Your task
Without the pictures, write the listing below out again, line for line.

Dataset content
────────

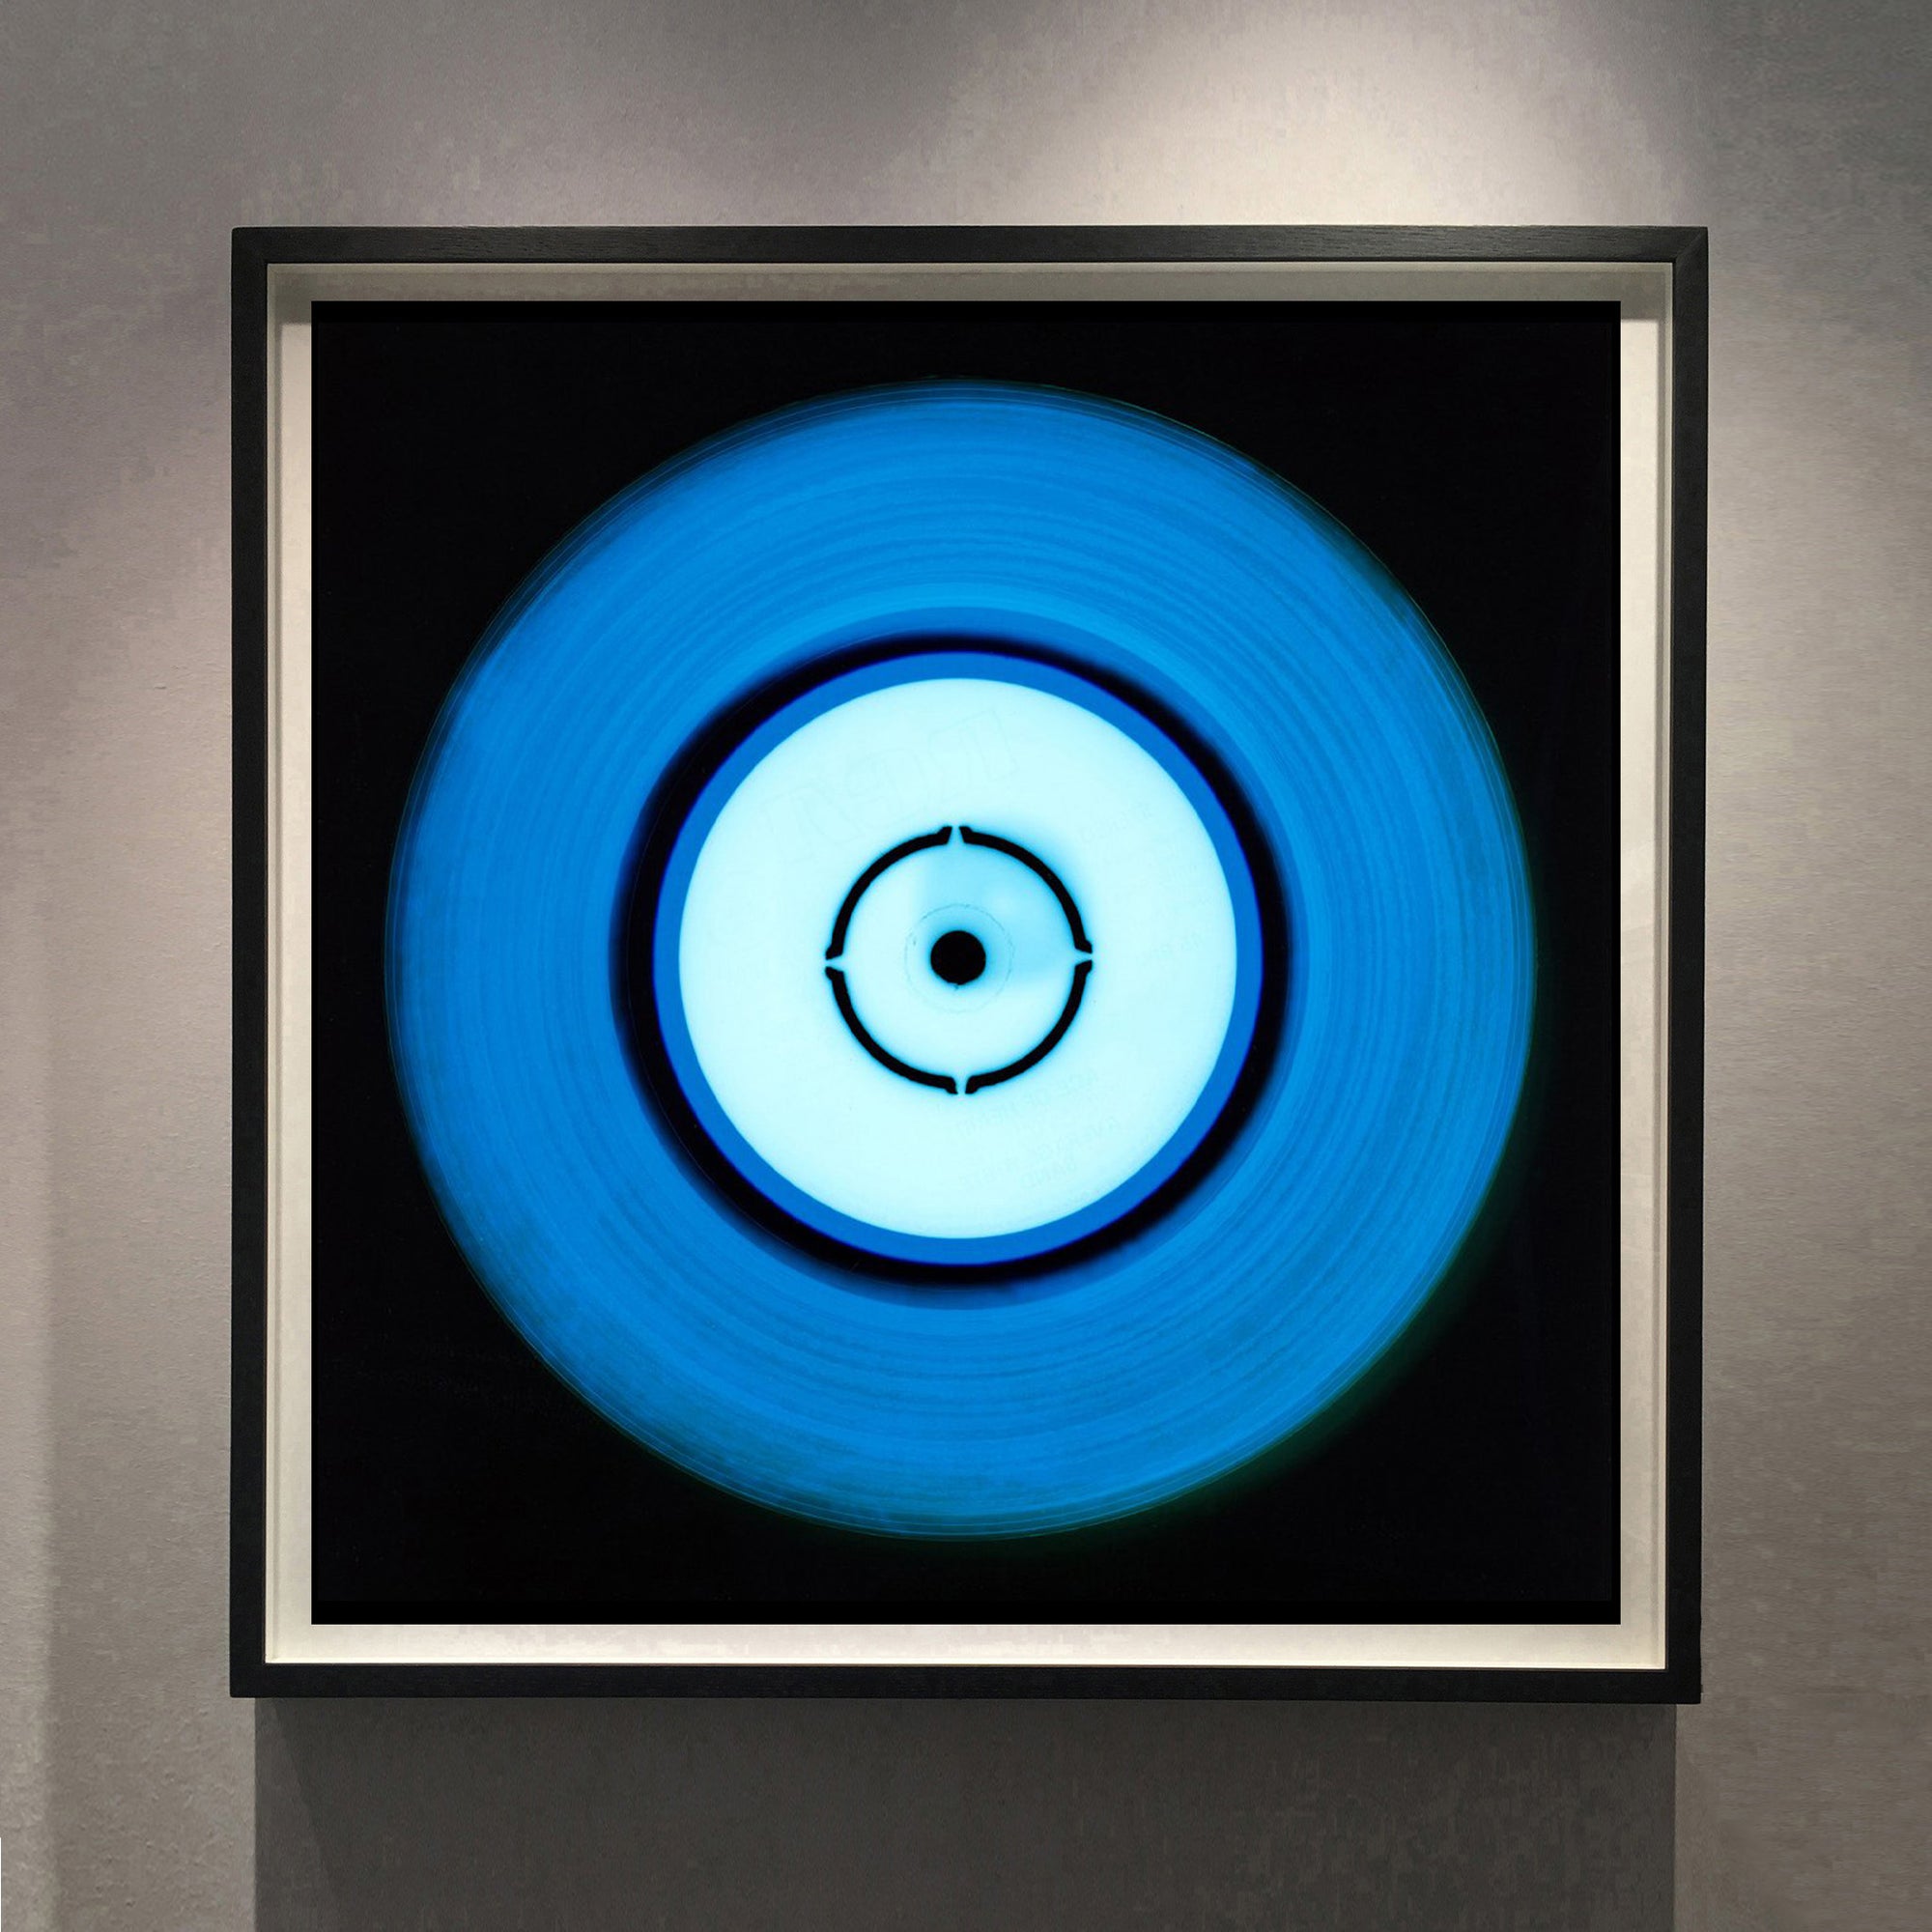 Vinyl Collection 'ACR', 2014. Acclaimed contemporary photographers, Richard Heeps and Natasha Heidler have collaborated to make this beautifully mesmerising collection. A celebration of the vinyl record and analogue technology, which reflects the artists practice within photography.
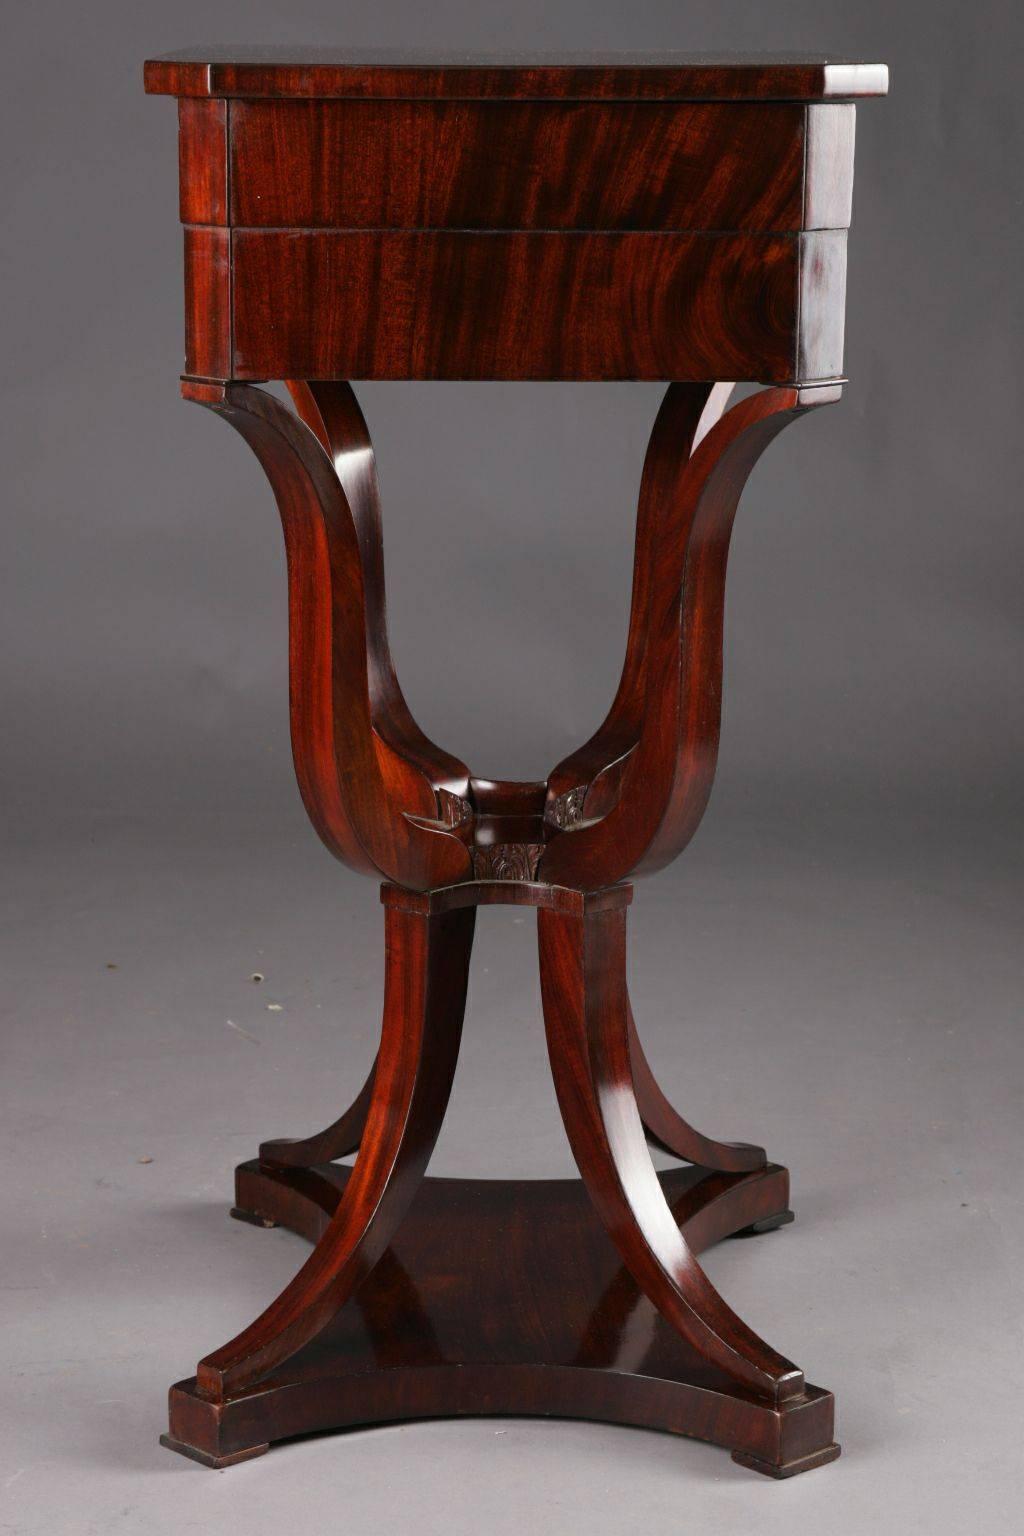 Highly interesting Biedermeier sewing table, circa 1820.
Mahogany on solid beechwood. On strongly curved cross-legged legs, joined by a slightly interlacing intermediate part, and then saber-shaped legs on the four-legged, base plate on disc feet.

────────

Task solution
 Vinyl Collection 'ACR', 2014. Acclaimed contemporary photographers, Richard Heeps and Natasha Heidler have collaborated to make this beautifully mesmerising collection. A celebration of the vinyl record and analogue technology, which reflects the artists practice within photography.
 Highly interesting Biedermeier sewing table, circa 1820.
Mahogany on solid beechwood. On strongly curved cross-legged legs, joined by a slightly interlacing intermediate part, and then saber-shaped legs on the four-legged, base plate on disc feet.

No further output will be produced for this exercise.